Wieczorem, na odczycie Bondarew widział w pierwszym rzędzie rozradowanego, uroczyście nastrojonego Pierekusałowa, obok niego czerwoną gębę jakiegoś tęgiego jegomościa, który jak się potem pokazało, był właścicielem nazwiska Kohot — a jeszcze dalej maleńkiego, wątłego Stamiakina z żoną, która w istocie była wyjątkowo piękną i bardzo interesującą kobietą.
Wszyscy ci ludzie wprost wściekle oklaskiwali Bondarewa, drąc się radośnie, co zaś do Stamiakina, to ten nawet był dumny nielada ze swej tak bliskiej znajomości z Pierekusałowem, którego łączy przyjaźń z tak znakomitym literatem.
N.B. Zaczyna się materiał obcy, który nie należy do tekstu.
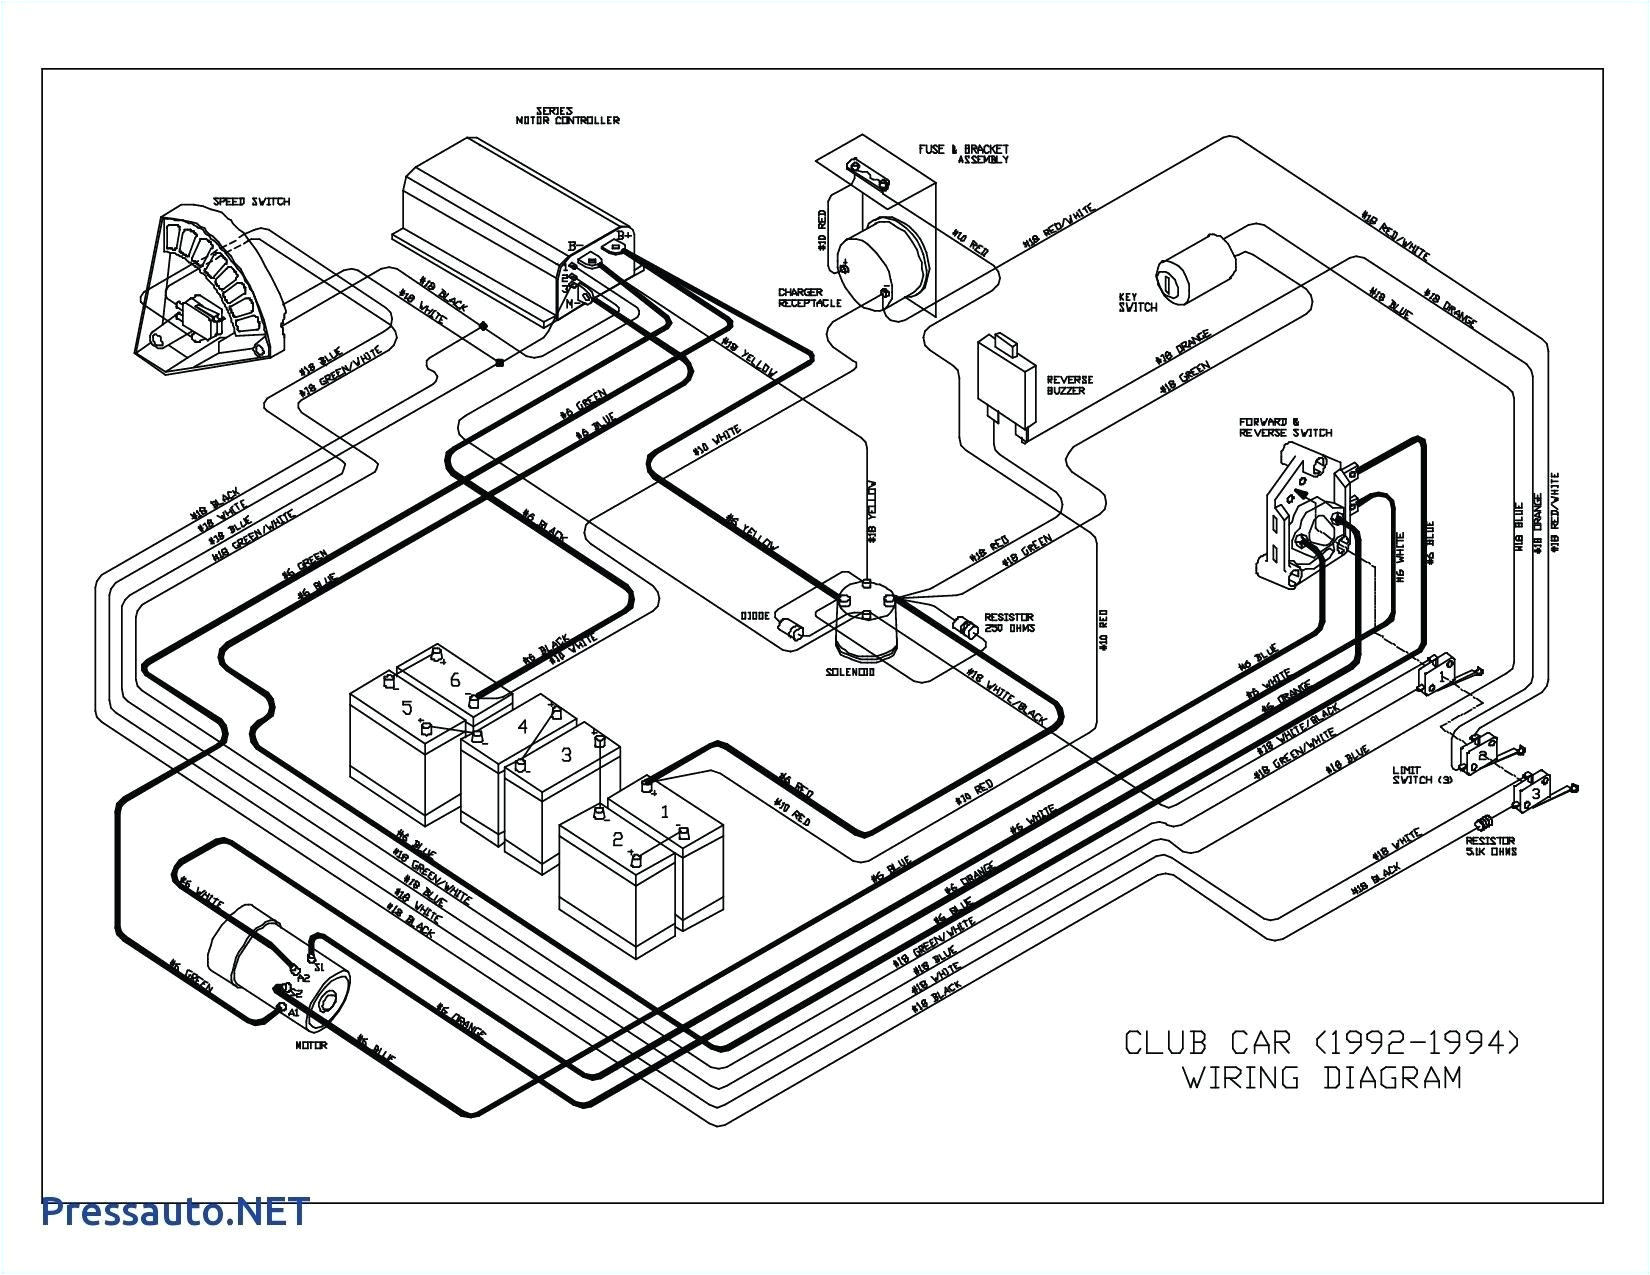 dc club car 36v wiring diagram wiring diagram sys 36v wiring diagram trolling motor 36v wiring diagram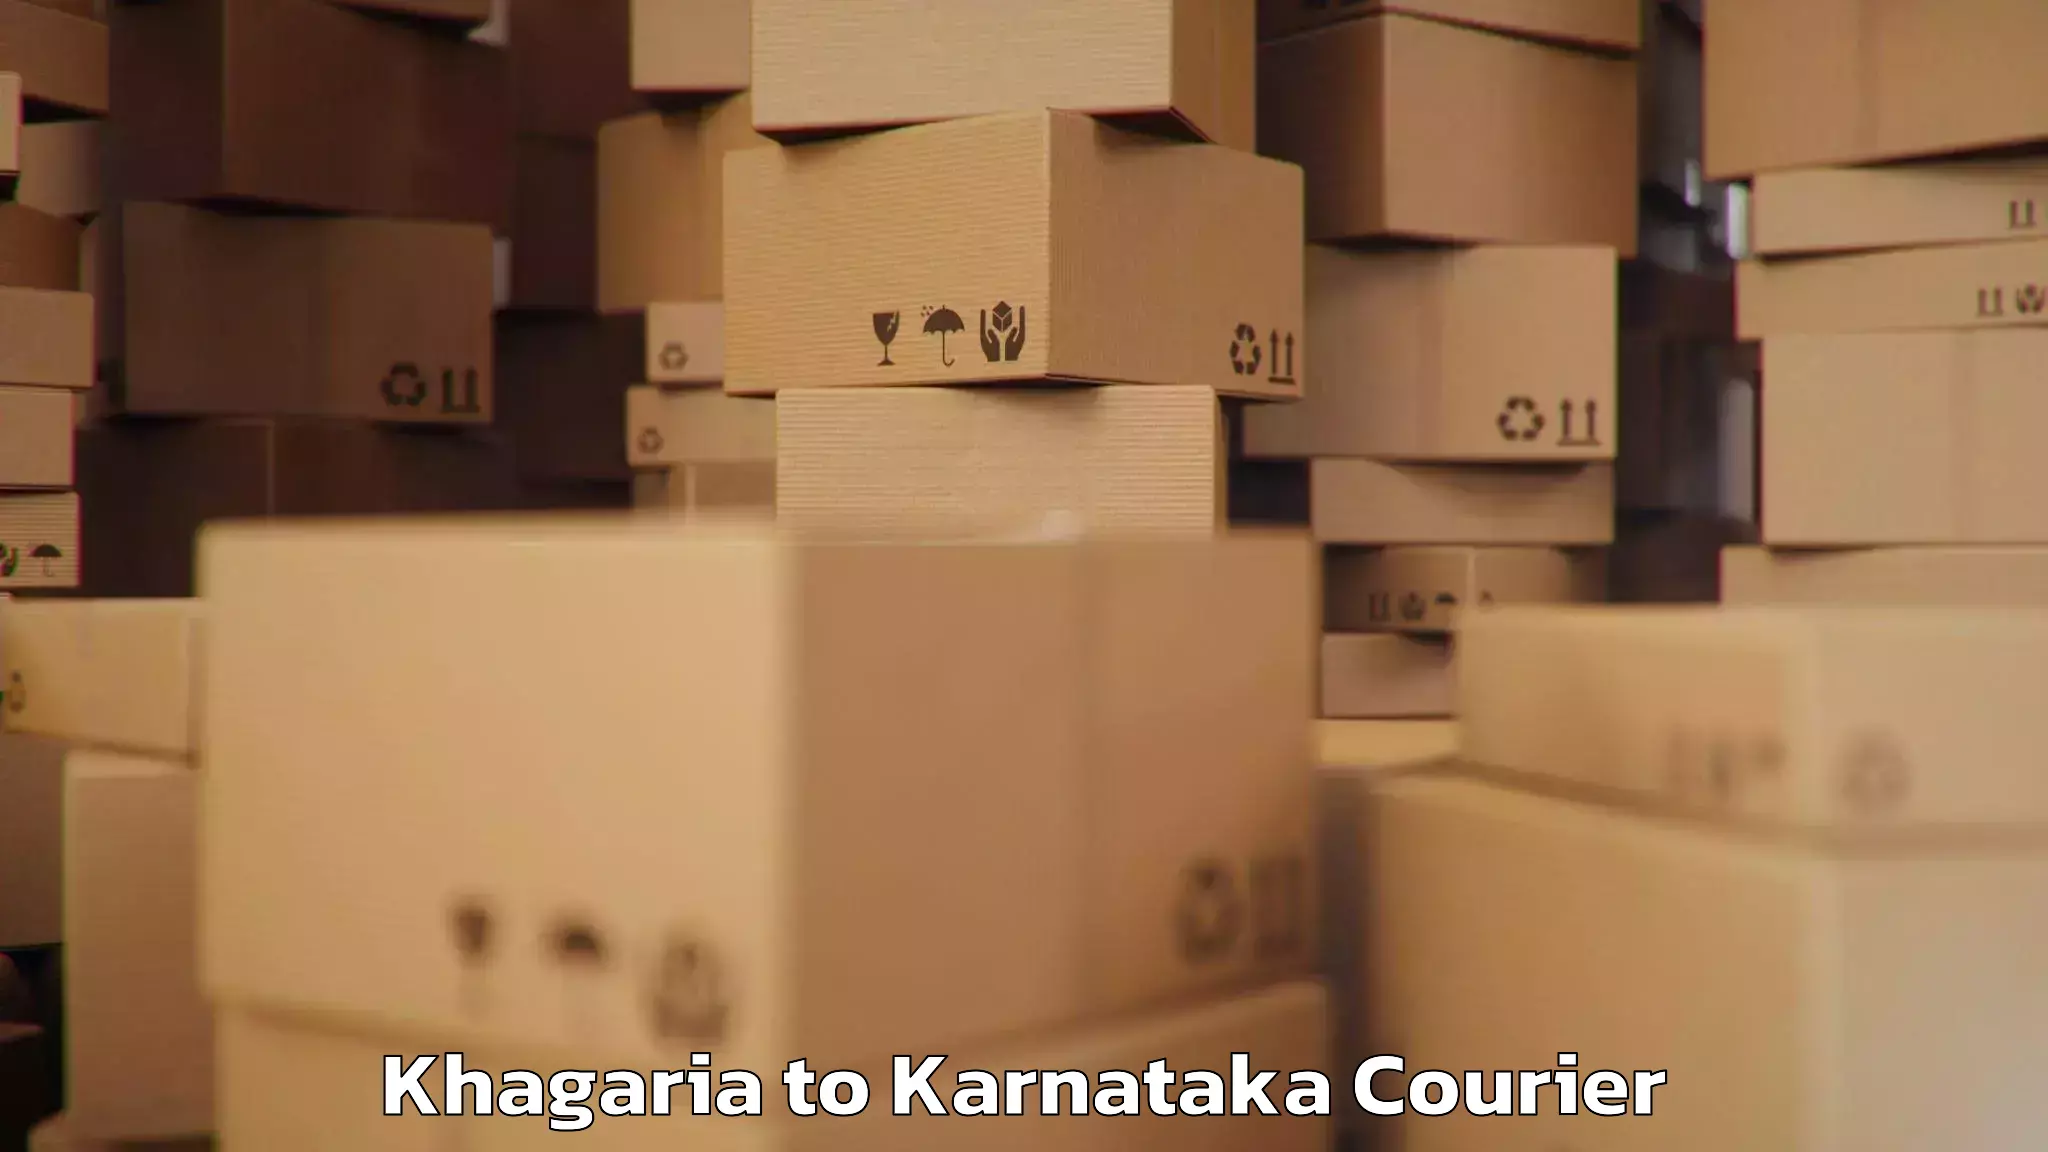 Luggage transport company Khagaria to Shikaripur

Po odczycie wszyscy udali się do Pierekusałowa na kolację.
Goście początkowo żenowali się wobec Bondarawa i kryli po kątach, dopiero gdy opowiedział ze dwie czy trzy śmieszne anegdoty i przytoczył jakiś arcyzabawny, pikantny skandal — wszyscy swobodniej odetchnęli.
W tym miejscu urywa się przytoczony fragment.